**SUPPLIED INFORMATION**
# # # # #
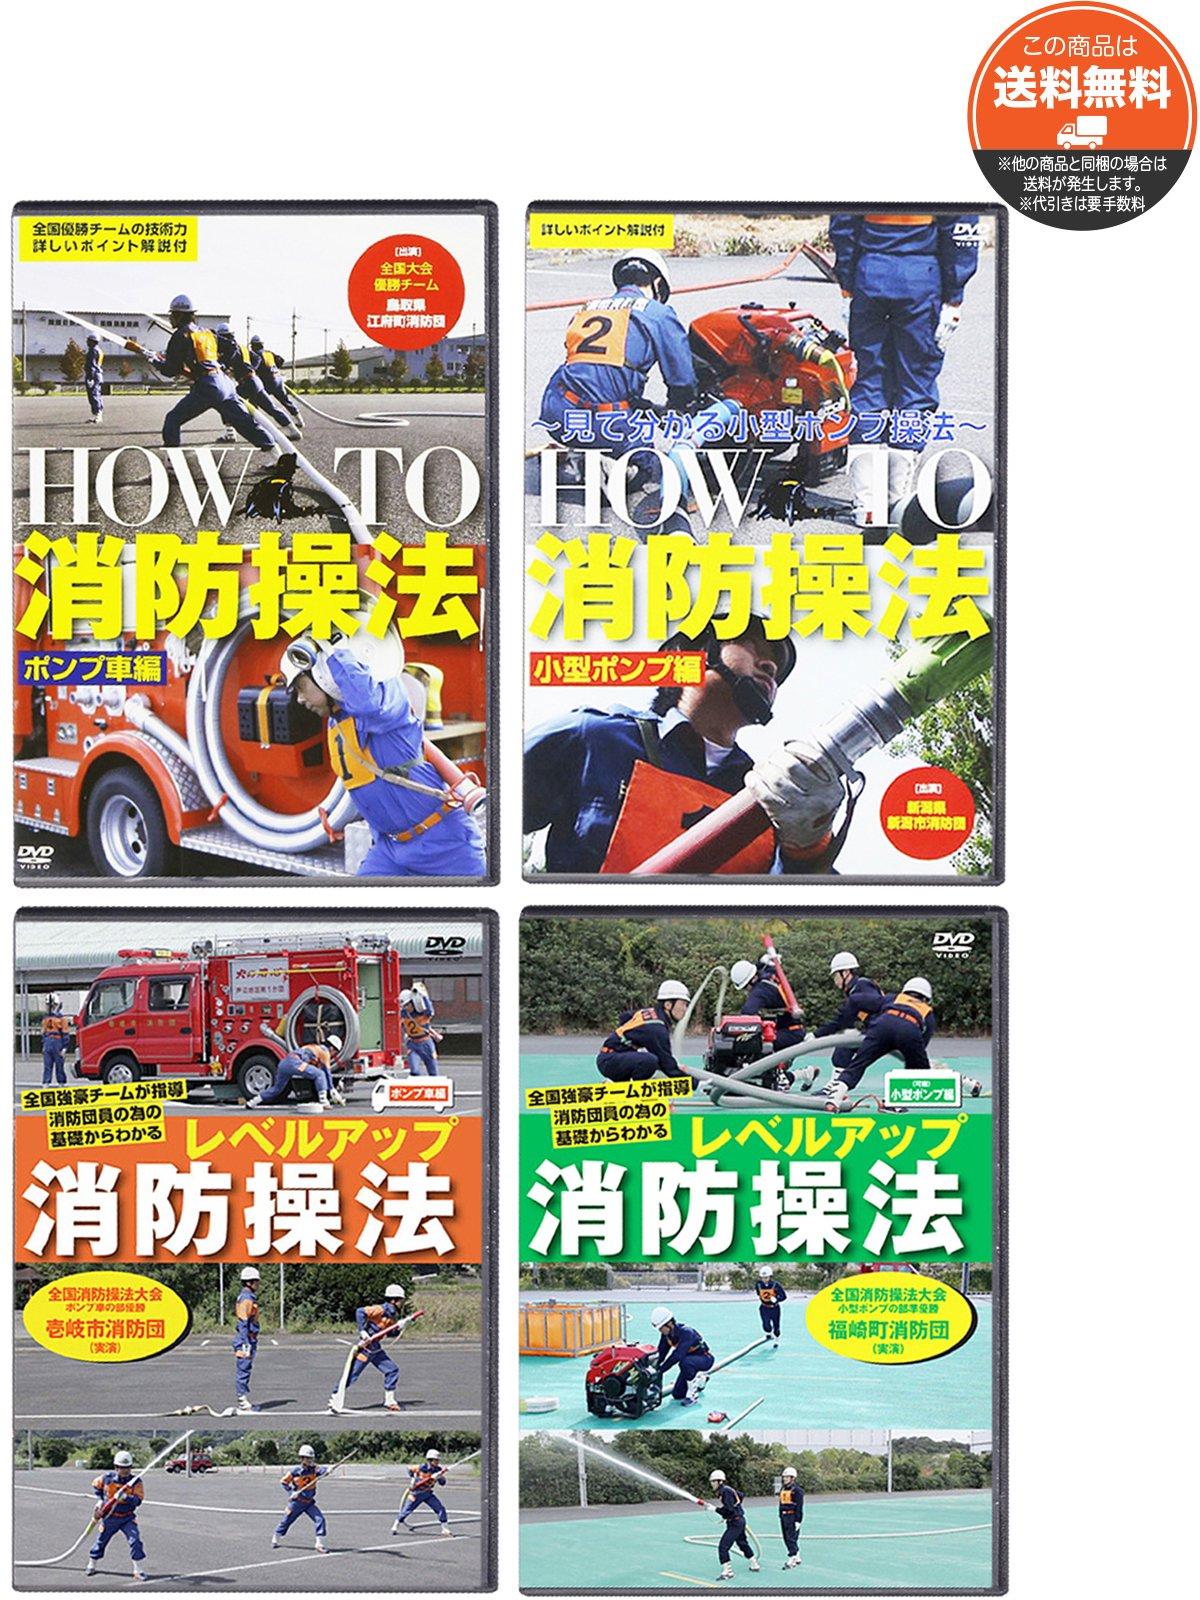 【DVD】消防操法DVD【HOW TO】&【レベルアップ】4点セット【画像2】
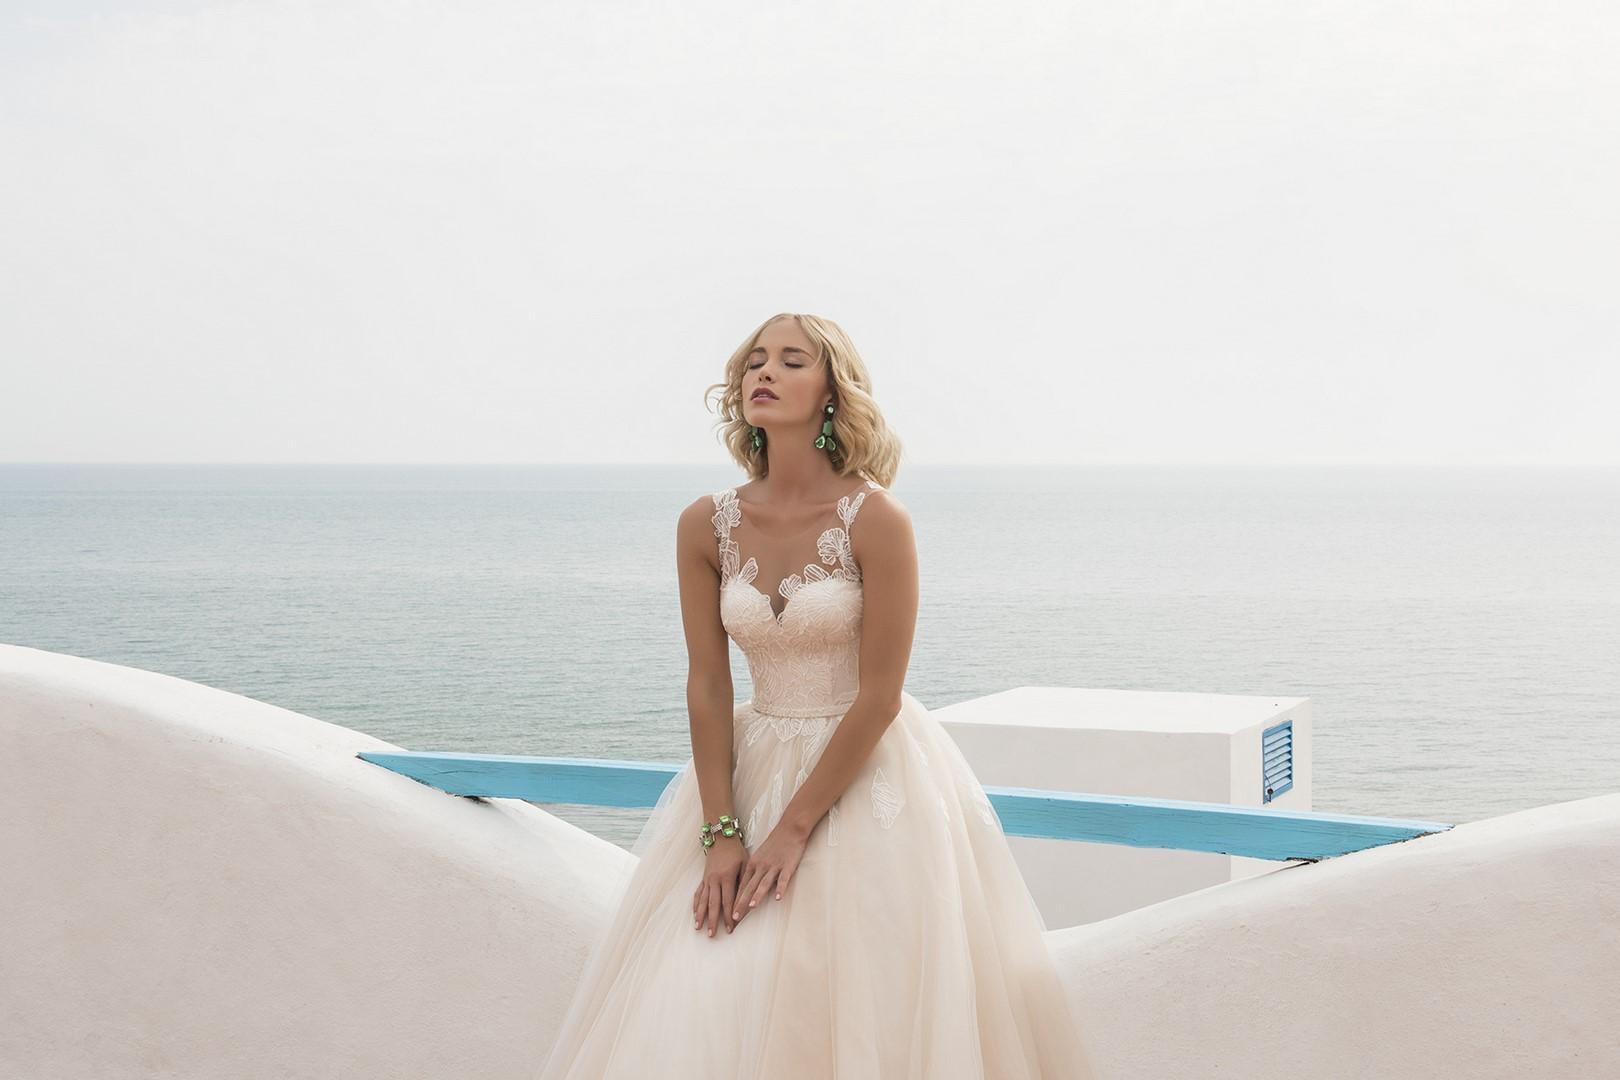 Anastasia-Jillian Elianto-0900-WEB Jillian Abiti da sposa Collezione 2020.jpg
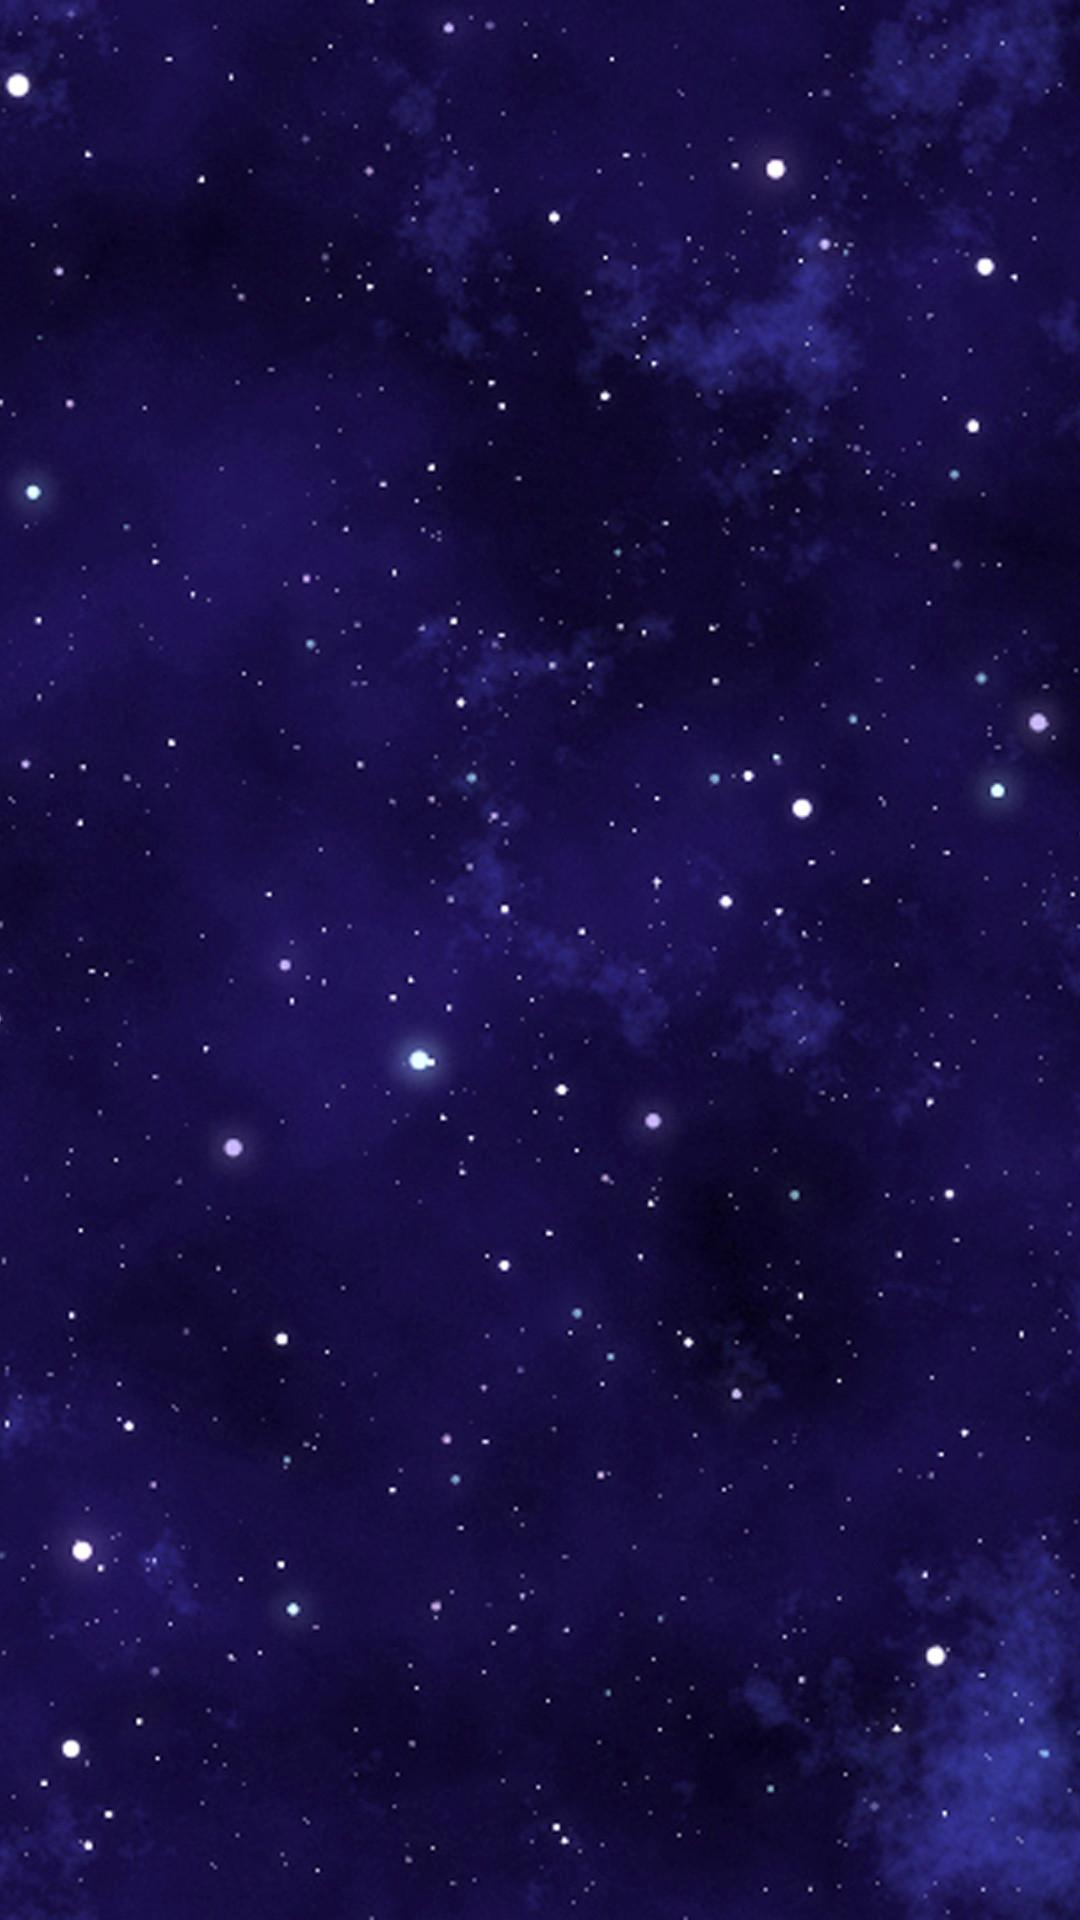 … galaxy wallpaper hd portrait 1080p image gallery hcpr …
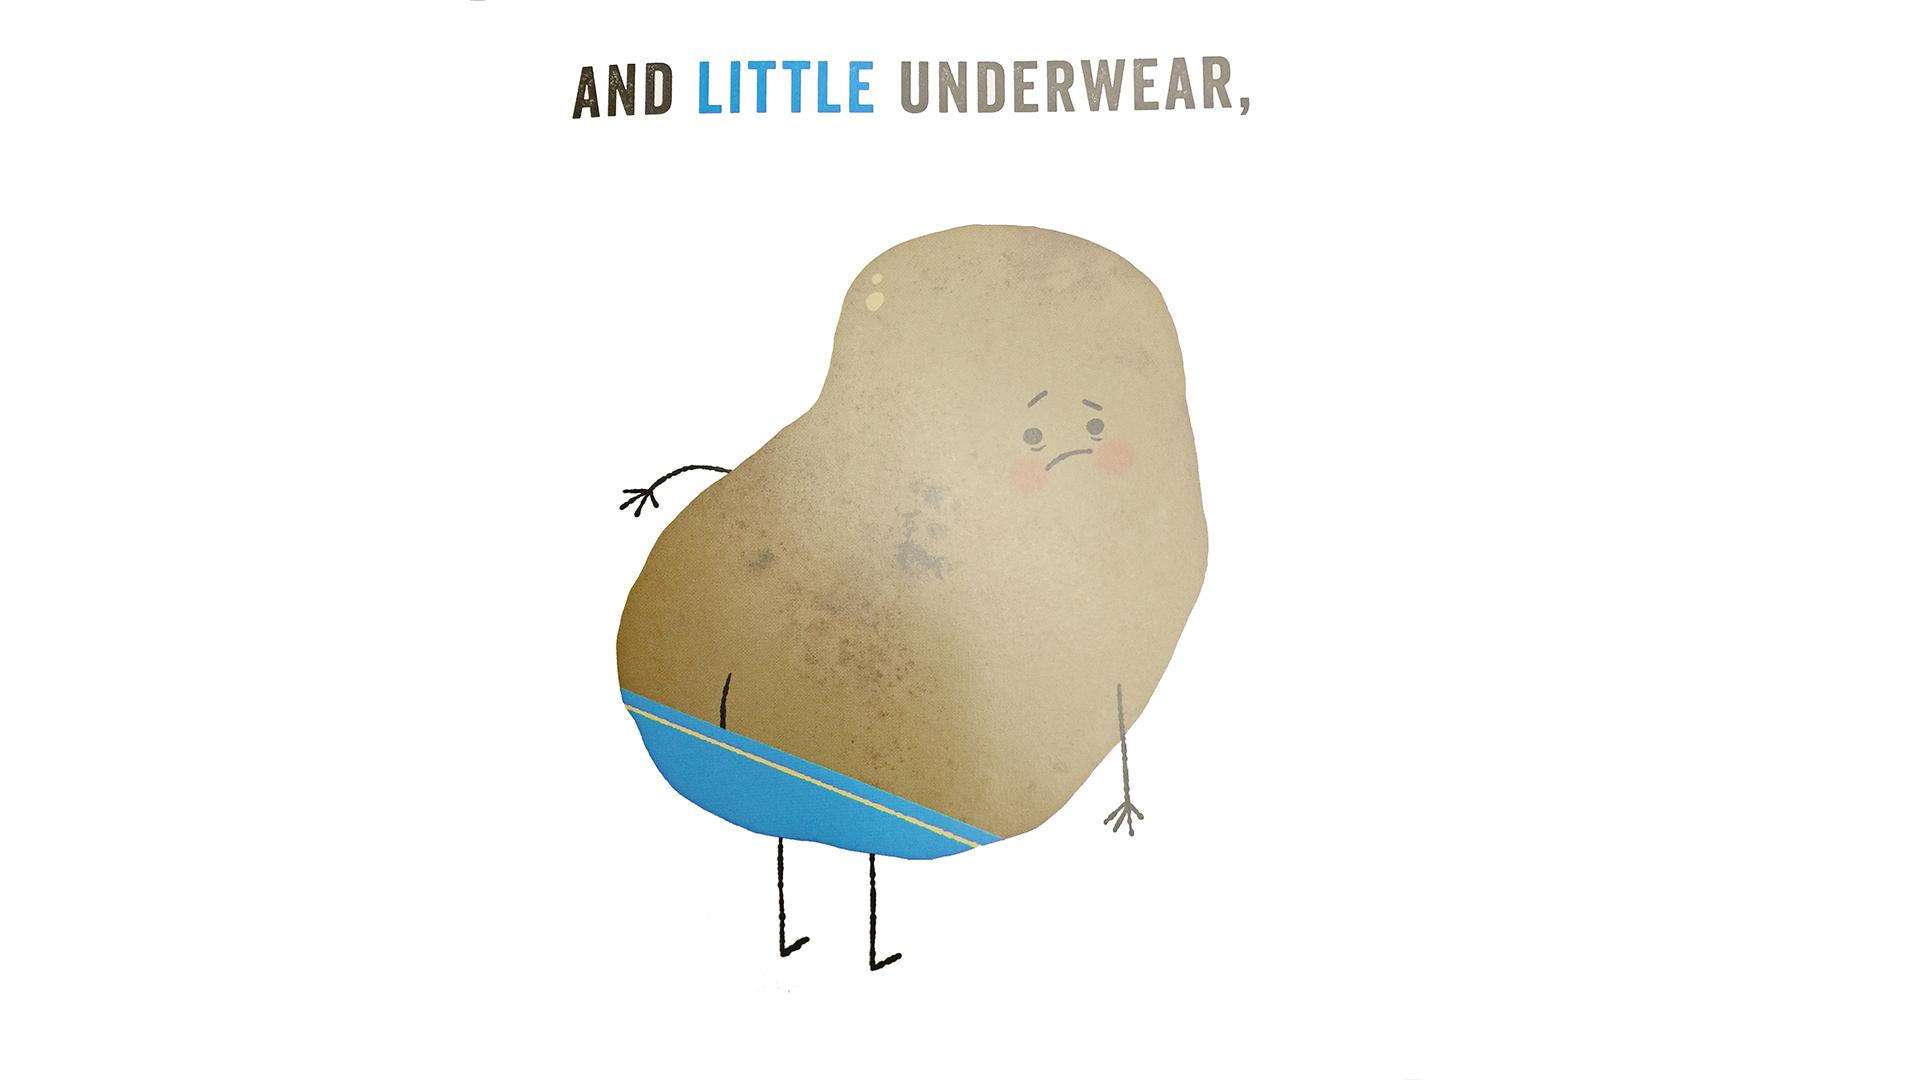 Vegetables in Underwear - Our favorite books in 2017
# # # # #
**PROBLEM REQUIREMENTS**
Set down nothing but the lines from the one containing "gallery hcpr …" to the final line above, both included, with every picture left out.

**RESPONSE TO THIS EXERCISE**
 … galaxy wallpaper hd portrait 1080p image gallery hcpr …
 Vegetables in Underwear - Our favorite books in 2017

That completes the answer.